At \(T = 2.0\): \(\kappa T = 10.0\)

\[ \frac{1 - e^{-10.0}}{10.0} = \frac{1 - 0.0000454}{10.0} = \frac{0.99995}{10.0} = 0.09999 \]

\[ \bar{v}_B(2.0) = 0.02 + (0.04 - 0.02)(0.09999) = 0.02 + 0.002000 = 0.02200 \]

Summary:

	\(\bar{v}(0.25)\)	\(\sigma_{\text{ATM}}(0.25)\)	\(\bar{v}(2.0)\)	\(\sigma_{\text{ATM}}(2.0)\)
\(\Theta_A\) (\(\kappa=2, \theta=0.05\))	0.04213	20.53%	0.04755	21.81%
\(\Theta_B\) (\(\kappa=5, \theta=0.02\))	0.03142	17.73%	0.02200	14.83%

At \(T = 0.25\), the two parameter sets already show a notable difference (\(20.53\%\) vs \(17.73\%\), about 280 bps), though both are in a plausible range. At \(T = 2.0\), the difference is dramatic: \(21.81\%\) vs \(14.83\%\), a spread of nearly 700 bps. This is because \(\Theta_A\) has \(v_0 < \theta\), so \(\bar{v}(T)\) increases toward \(\theta = 0.05\), while \(\Theta_B\) has \(v_0 > \theta\), so \(\bar{v}(T)\) decreases toward \(\theta = 0.02\).

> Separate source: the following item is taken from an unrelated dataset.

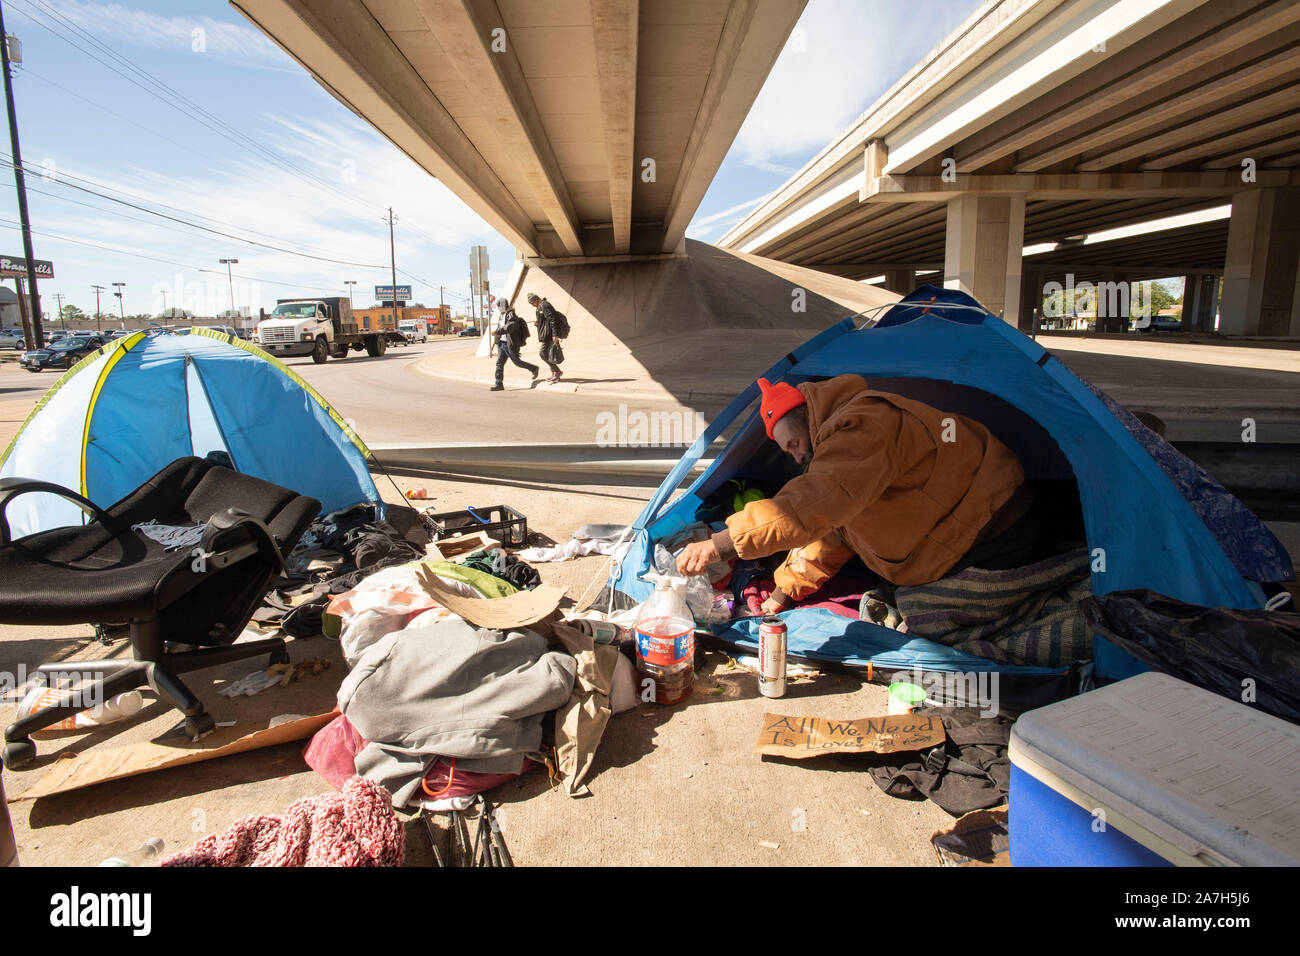 Giorni prima di una repressione minacciato dal governatore del Texas Greg Abbott sul diritto pubblico-di-modo camping, senzatetto Texans inclusi 'Corky', vi aspettano al governatore e autostrada azioni di reparto. La maggior parte sono sicuri dove andranno come rifugi locali sono al di sopra della capacità. Foto Stock

Conclusion: Even though both parameter sets share \(\kappa\theta = 0.10\) and are nearly indistinguishable from short-maturity data alone, their long-maturity predictions diverge sharply. The 2-year ATM implied volatility provides a clear discriminant between the two. Long-maturity options break the \(\kappa\)-\(\theta\) degeneracy because \(\kappa\) controls the rate of convergence to \(\theta\): a fast mean-reversion (\(\kappa = 5\)) means the 2-year average variance is essentially \(\theta\) (since \(e^{-\kappa T} \approx 0\)), while a slow mean-reversion (\(\kappa = 2\)) means the initial variance \(v_0\) still has significant influence. The market's 2-year ATM volatility directly reveals which scenario is correct.